Having now killed a police officer, McIntyre returned home briefly to retrieve his German 8mm Mauser K98k sniper rifle, mounted with a telescopic sight, ammunition, and a set of binoculars. From there, he walked across Grand Avenue (Palouse-Pullman highway) and went into the brush-covered College Hill to set up a defensive position capable of seeing approaching officers.

The photograph above depicts the Washington State University (then Washington State College) in 1949, including portions of College Hill - the same area and year this horrifying event took place.

From about 4:10 pm to 4:35 pm, gunfire rang out across College Hill and the WSC campus. McIntyre fired down on approaching officers, injuring one and killing another. He then took the fallen officer's rifle and moved to the west side of the campus grounds to lie in ambush. A Pullman taxicab driver, Ernest G. Buck, stopped to investigate the chaos on the street, only to be shot and killed by McIntyre. Another bystander was shot twice but was allowed by McIntyre to leave. One more officer was then shot and killed when he stepped out of his car directly into McIntyre's sight.

During this confrontation, Pullman Police Department, Whitman County Sheriff's Department, Washington State Patrol, Moscow Police Department, and Latah County Sheriff's Department - along with armed citizens - began to close in on McIntyre's position.

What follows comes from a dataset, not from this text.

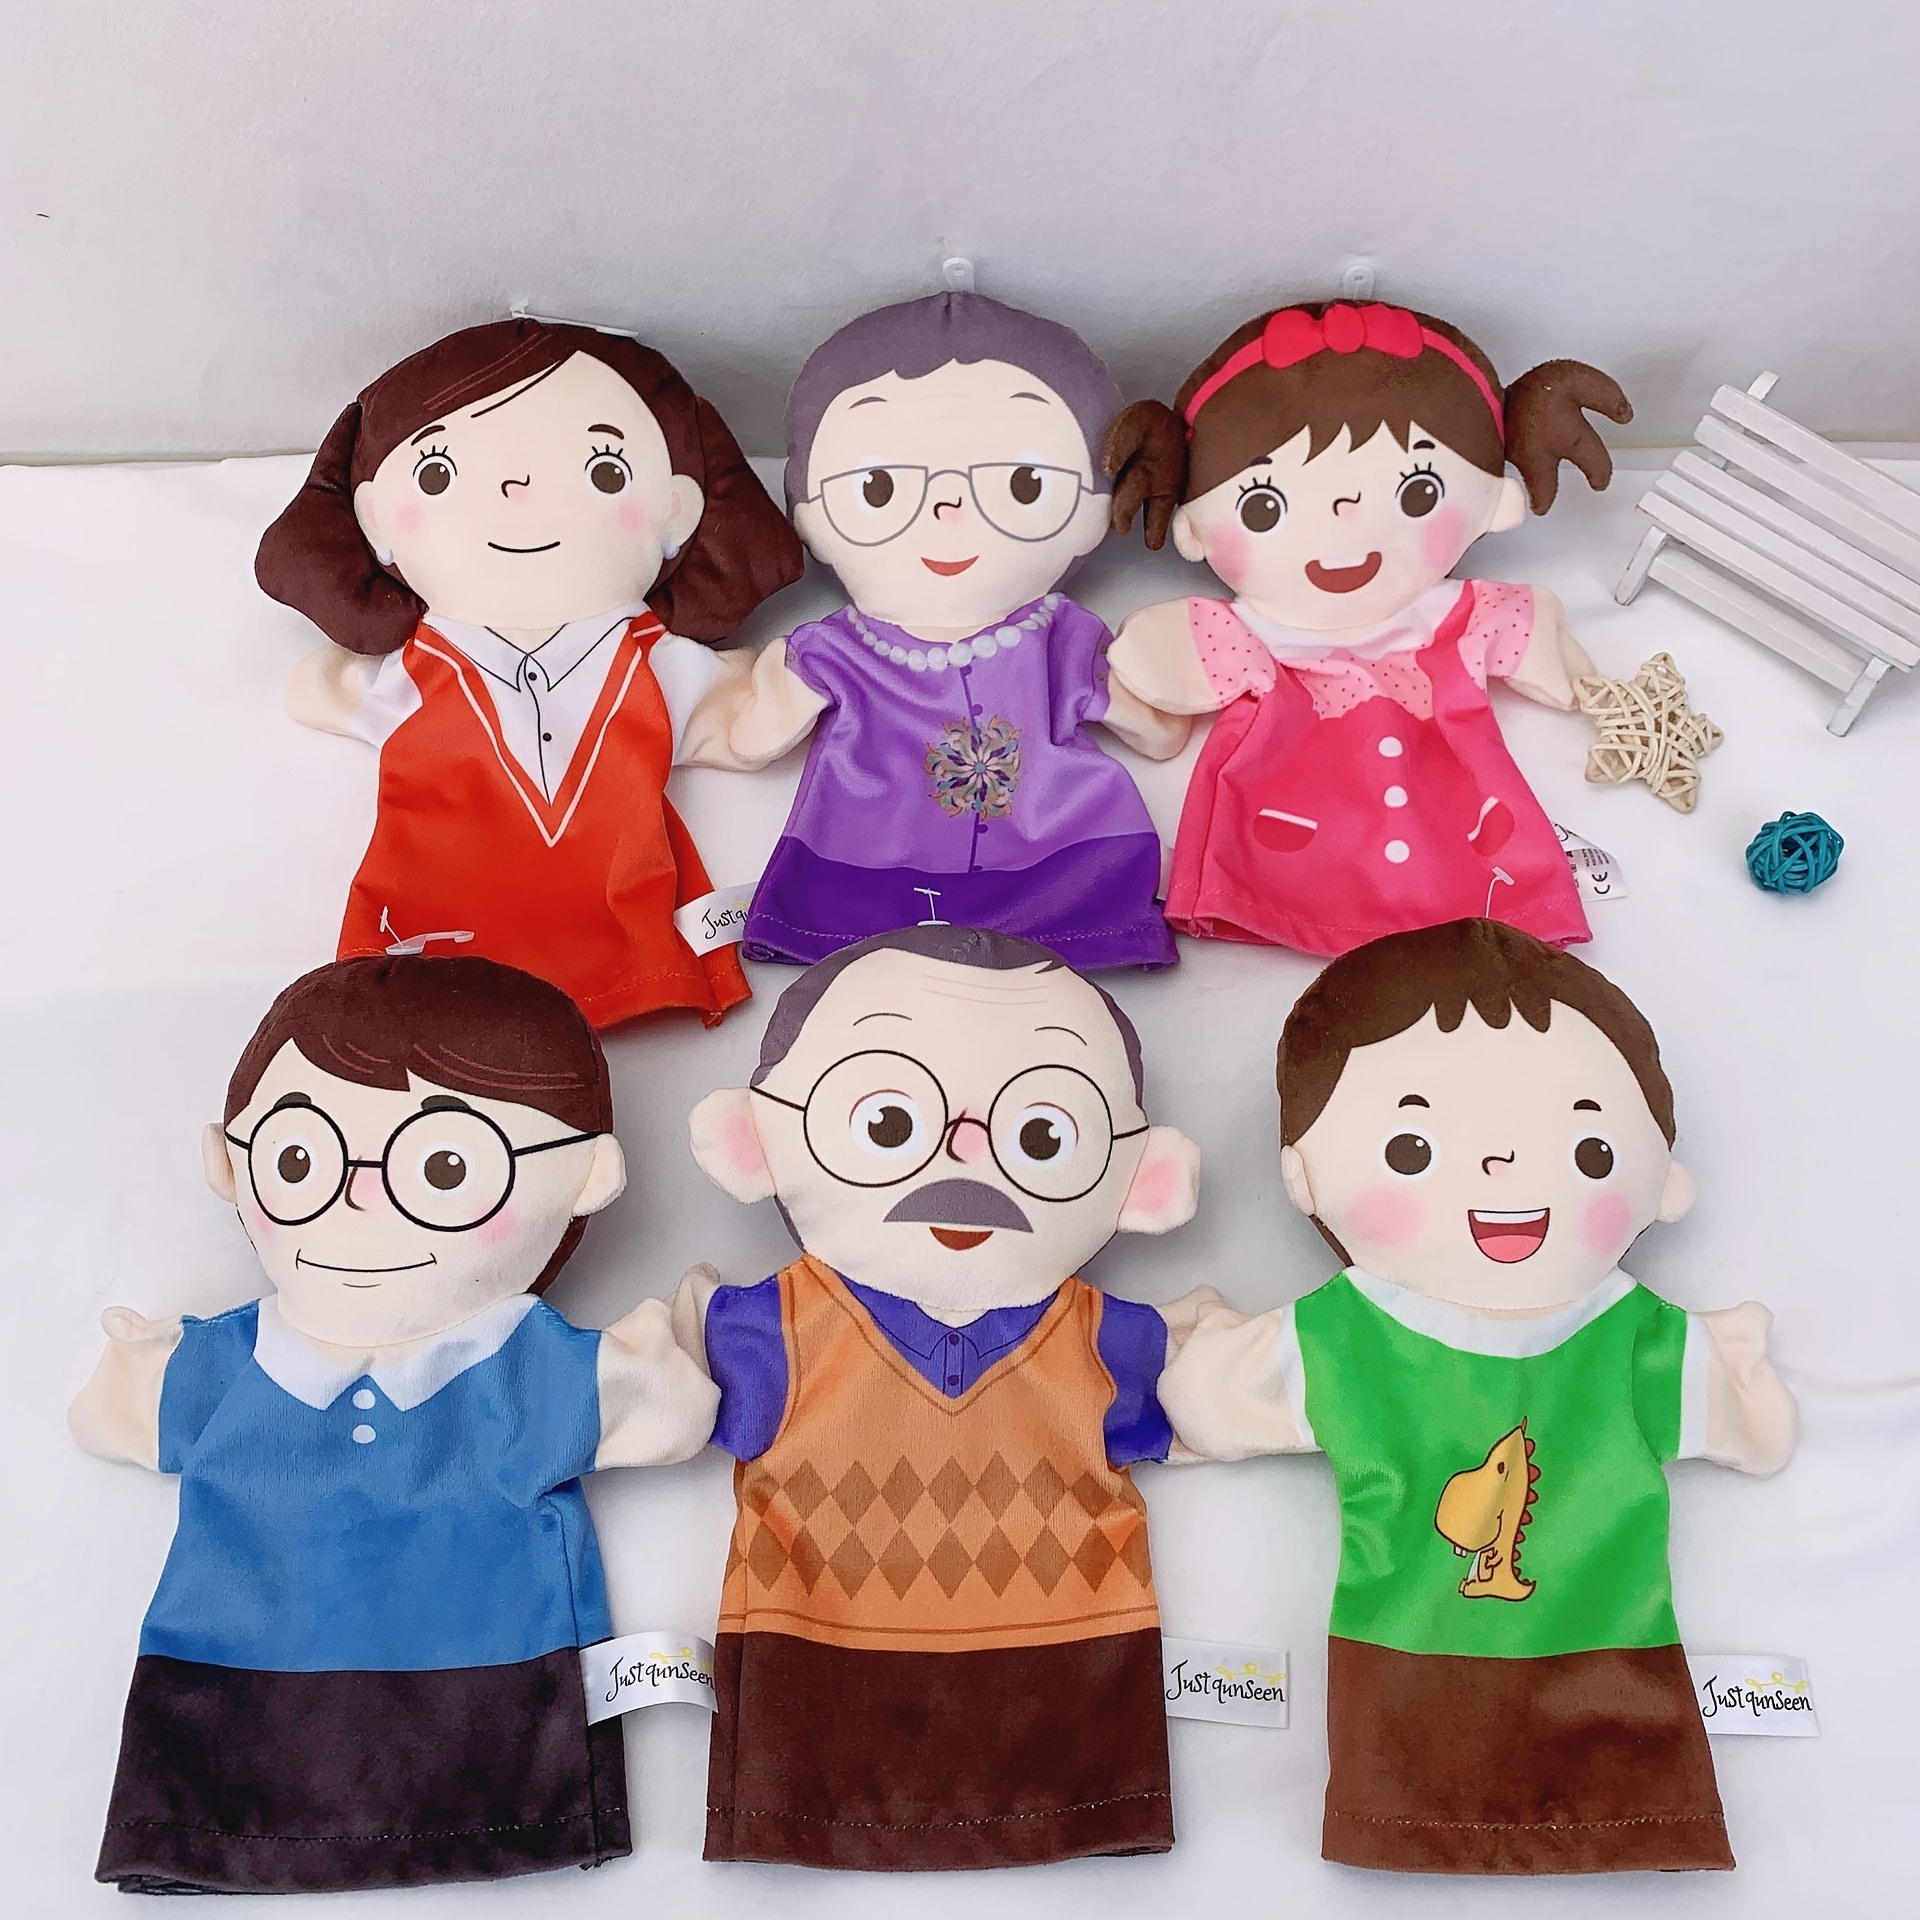 Jeffy Puppet Cheap Jiffy Hand Puppet Plush Toy 23 Stuffed Doll Kids Gift

At 4:35 pm, one final round of gunfire was heard as McIntyre was seen to change position, and then fall. His body was found in a ditch at the bottom of College Hill.

In total, five dead: three officers, a taxi-cab driver, and the shooter himself.

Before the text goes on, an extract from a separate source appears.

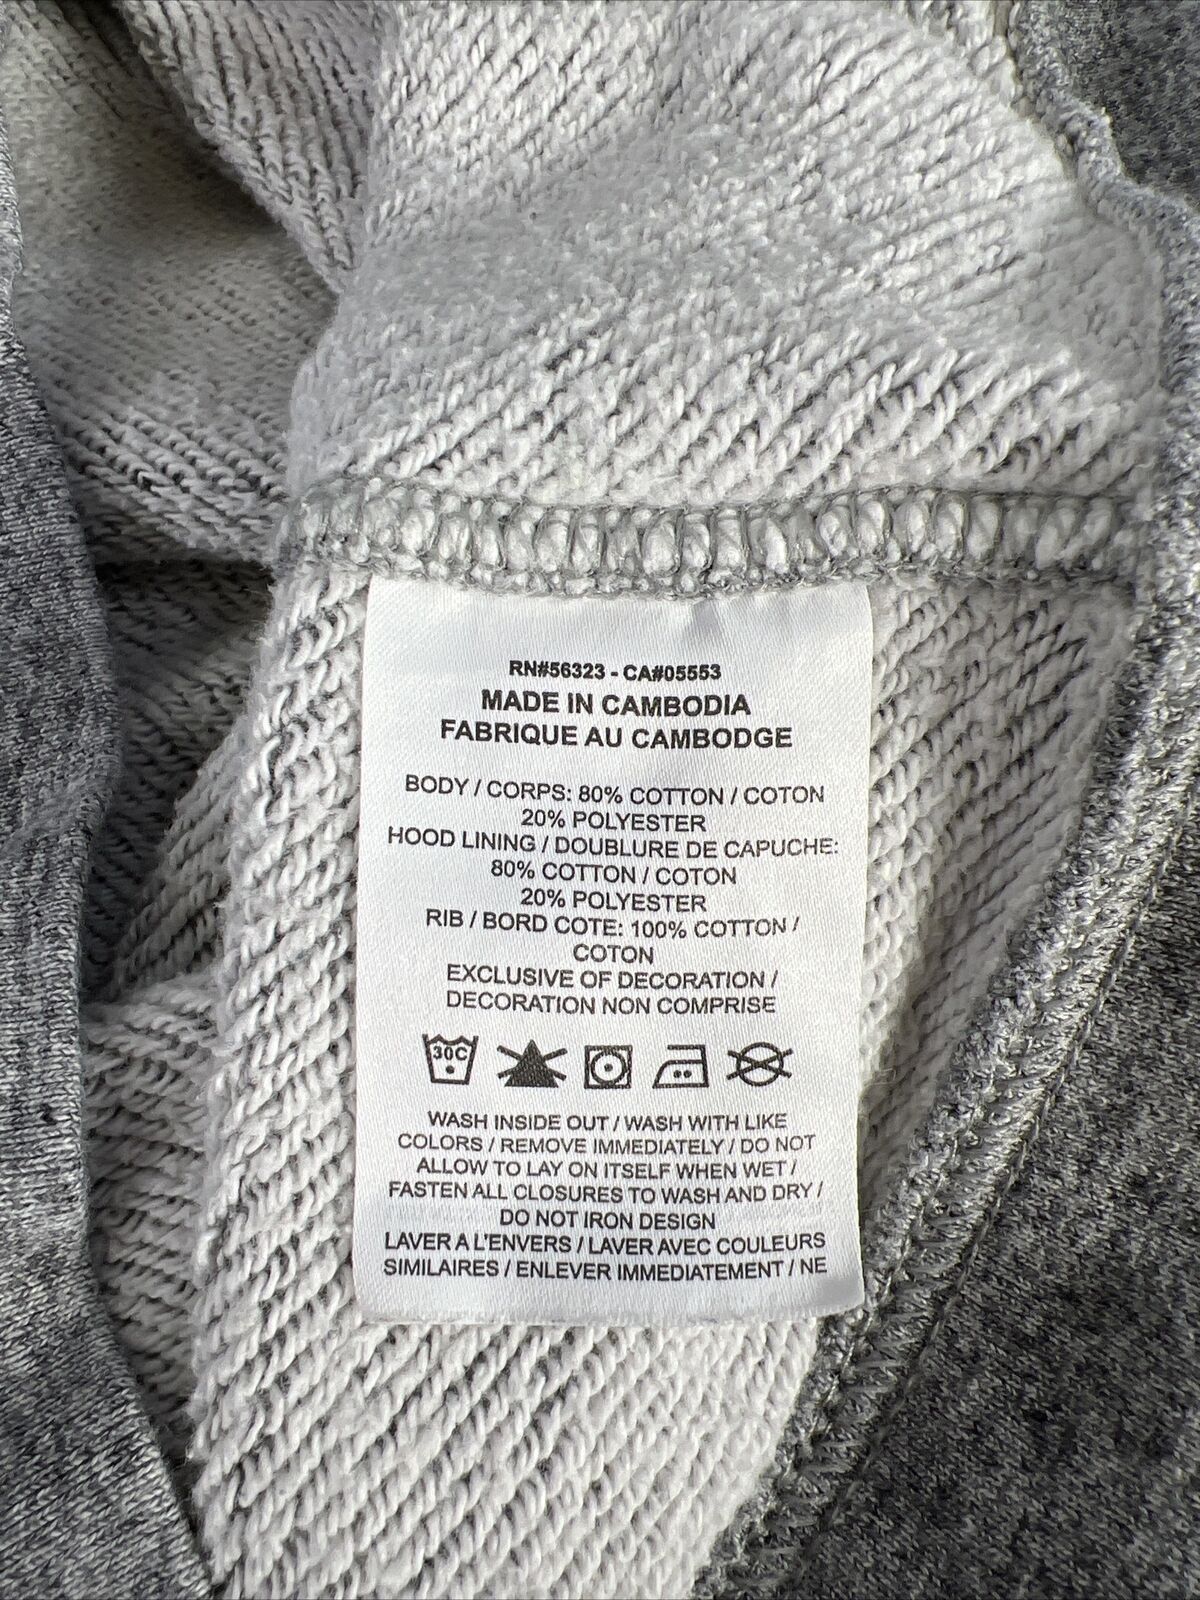 Nike Sudadera con capucha y cremallera completa Sportswear Heritage de mujer de color gris - S

It wasn't the bloodiest Sunday in all of history, but for a small college town in Eastern Washington, the event - known as the "Easter Massacre" - shook everything to its core. To this day, residents of the area still honor the fallen and keep gravestones maintained.

McIntyre's death was caused by three shots to the heart from an elevated position to the gunman. The identity of the shooter was never known or investigated, as the coroner's jury determined that it should remain a mystery.

So this Easter Sunday, take a moment to remember the brave officers and citizens who stopped a skilled gunman from taking even more lives that day. And if you stop in Pullman on a sunny weekend, perhaps stop to pay your respects to the fallen.